Wieso sind die meisten unter uns süchtig nach oberflächlichen Ablenkungen?
Die exzessive Nutzung asozialer Medien ist weit verbreitet. Aber vermutlich nicht, weil sie irgendein tief sitzendes Kommunikationsbedürfnis besser als alles bisher Dagewesene erfüllen. Das Wesentliche scheint zu sein, dass sie zur Unterhaltung einen konstanten Strom von unverbindlichen Ablenkungen bieten.
Weil die Wenigsten von uns Gelegenheit hatten herauszufinden, welche Tätigkeiten uns inspirieren, stecken die meisten von uns in Berufen fest, die uns Kraft kosten, statt uns Energie zu geben. Daher ist es kein Wunder, dass wir als Gesellschaft in unserer Freizeit bloß seichte Unterhaltung suchen. Für Herausforderungen aller Art fehlt uns schlicht die Energie. Wir fühlen uns ohnmächtig und wollen uns nicht auch noch in unserer kostbaren Freizeit anstrengen müssen.

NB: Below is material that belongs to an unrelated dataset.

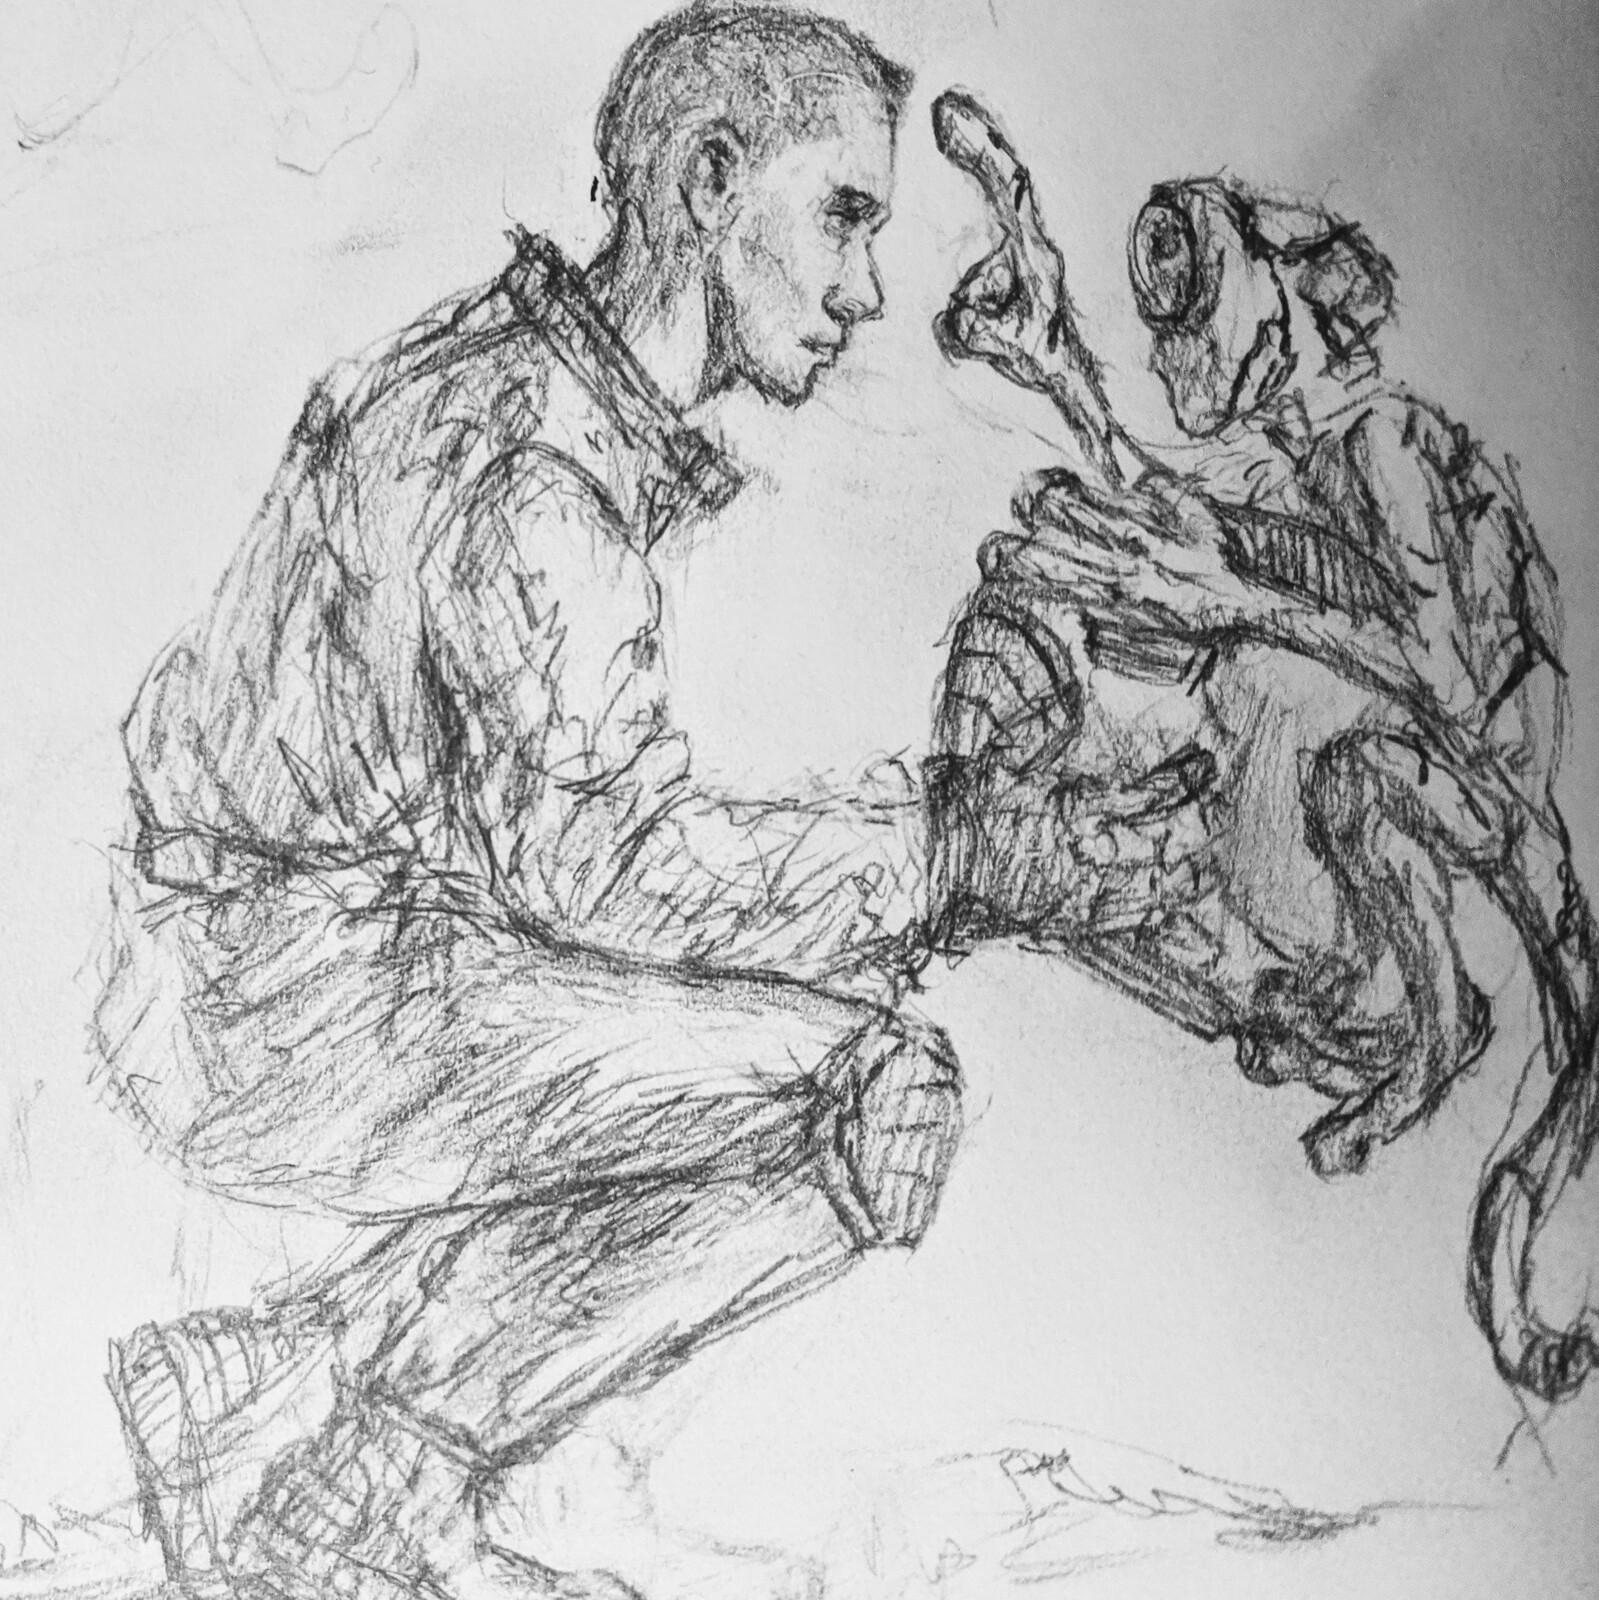 Pencil Sketch 2/10

Die wenigen Leute, die aufgrund ihrer persönlichen Erfahrungen und sozialen Situation ihre Fähigkeit etwas zu bewegen kultiviert haben, und es daher auch in Machtpositionen geschafft haben, nützt dieser Betäubungszustand der Mehrheit. Immerhin können sie ungestört schalten und walten, wenn sich kaum jemand in die Gestaltung unserer Gesellschaft einmischt.
Unser überwältigendes Verlangen nach unverfänglicher Unterhaltung beruht meiner Meinung nach also auf dem Umstand, dass wir uns mit Tätigkeiten verausgaben, die wir nur unter großer Disziplin und entgegen unsere Empfindungen durchführen können.
Je größer der inspirierende Anteil unseres Alltages ist, umso mehr psychische Reserven haben wir auch, um Durststecken zu überstehen. In einem verausgabten Zustand überfordern uns dagegen bereits kleine Herausforderungen.
Würde es in unserer Bevölkerung genügend Variation in Neigungen und Begabungen geben, um trotz durchaus effizienten Spezialisierungen eine funktionierende Gesellschaft zu etablieren, in der niemand langfristig zermürbende Tätigkeiten ausführen muss?